El apertura bahiense repasó su carrera en Europa. Hoy es el único jugador de nuestra ciudad en el rugby italiano.

Bautista en acción con Villorba, su club en la actualidad. Fotos: Archivo La Nueva y gentileza Bautista Vila.

(Nota de la edición impresa)

Uno de los buenos jugadores que dio el rugby bahiense gracias a la cantera del club Argentino, transita los últimos años de su ciclo como profesional en Italia.

Juan Bautista Vila armó la valija en 2015 y a los 23 años viajó a Europa en busca de una oportunidad en el rugby "semi pro", sobre la huella de otros bahienses. Acá había mostrado su talento en juveniles -ascendió con la URS en el Argentino, como capitán- y en el plantel superior del Chancho, aunque sólo por dos temporadas y media.

Vila, de familia de rugby tradicional en Argentino, creció y maduró como profesional en CAU Valencia (DH B de España), Deal and Betteshanger RFC de Inglaterra (división regional 1), Fogliano Redipuglia (Serie C de Italia), Venjulia Rugby Trieste (Serie B de Italia) y en Villorba (hoy en Serie A de Italia), su casa desde hace tres años y medio.

Hoy es el único jugador de nuestro medio en actividad en Italia, en las categorías principales.

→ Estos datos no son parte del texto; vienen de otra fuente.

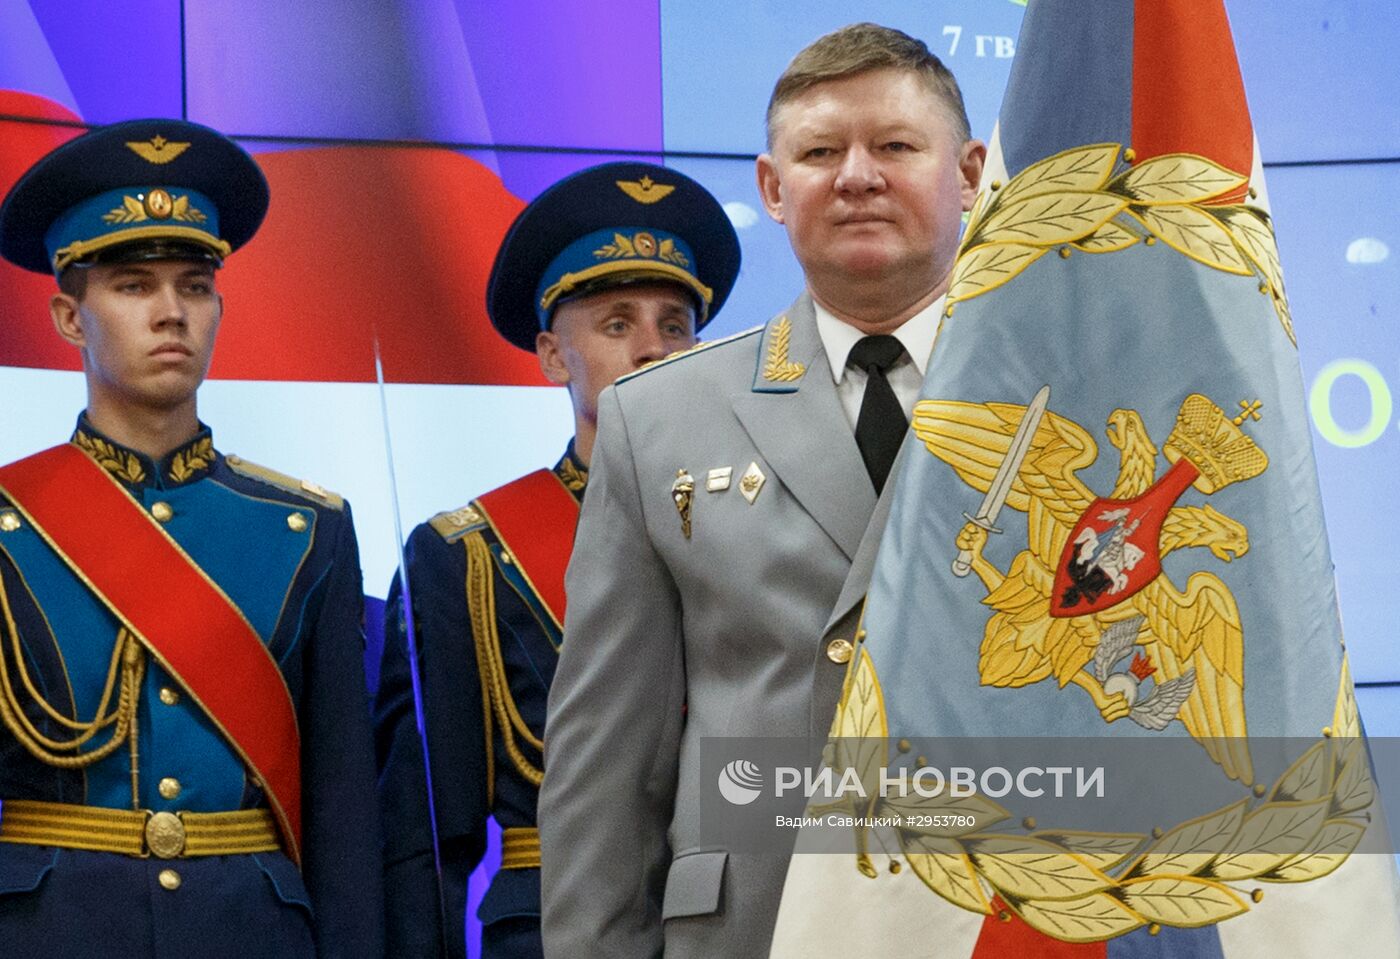 Министр обороны РФ С. Шойгу вручил штандарт новому командующему ВДВ

"Venía de un fin de temporada con algunas lesiones y, al inicio de la actual, hablando con el entrenador, medio que me advirtió que se me iba a reducir el tiempo de juego para este año por el tema del cupo de extranjeros. Acá en Italia tienen una política estricta y por momentos extraña: no depende del pasaporte sino de que hayas tenido la formación en el país. En este momento somos seis jugadores considerados extranjeros en el plantel y por reglamento se pueden presentar tres. Y solo dos pueden estar en la cancha al mismo tiempo. Eso limita las posibilidades para algunos", explicó Bautista sobre su presente, en diálogo con “La Nueva.”.

Bautista junto con Mateo Bast, capitán y subcapitán de Sur M18 que ascendió a zona Campeonato del Argentino juvenil 2010.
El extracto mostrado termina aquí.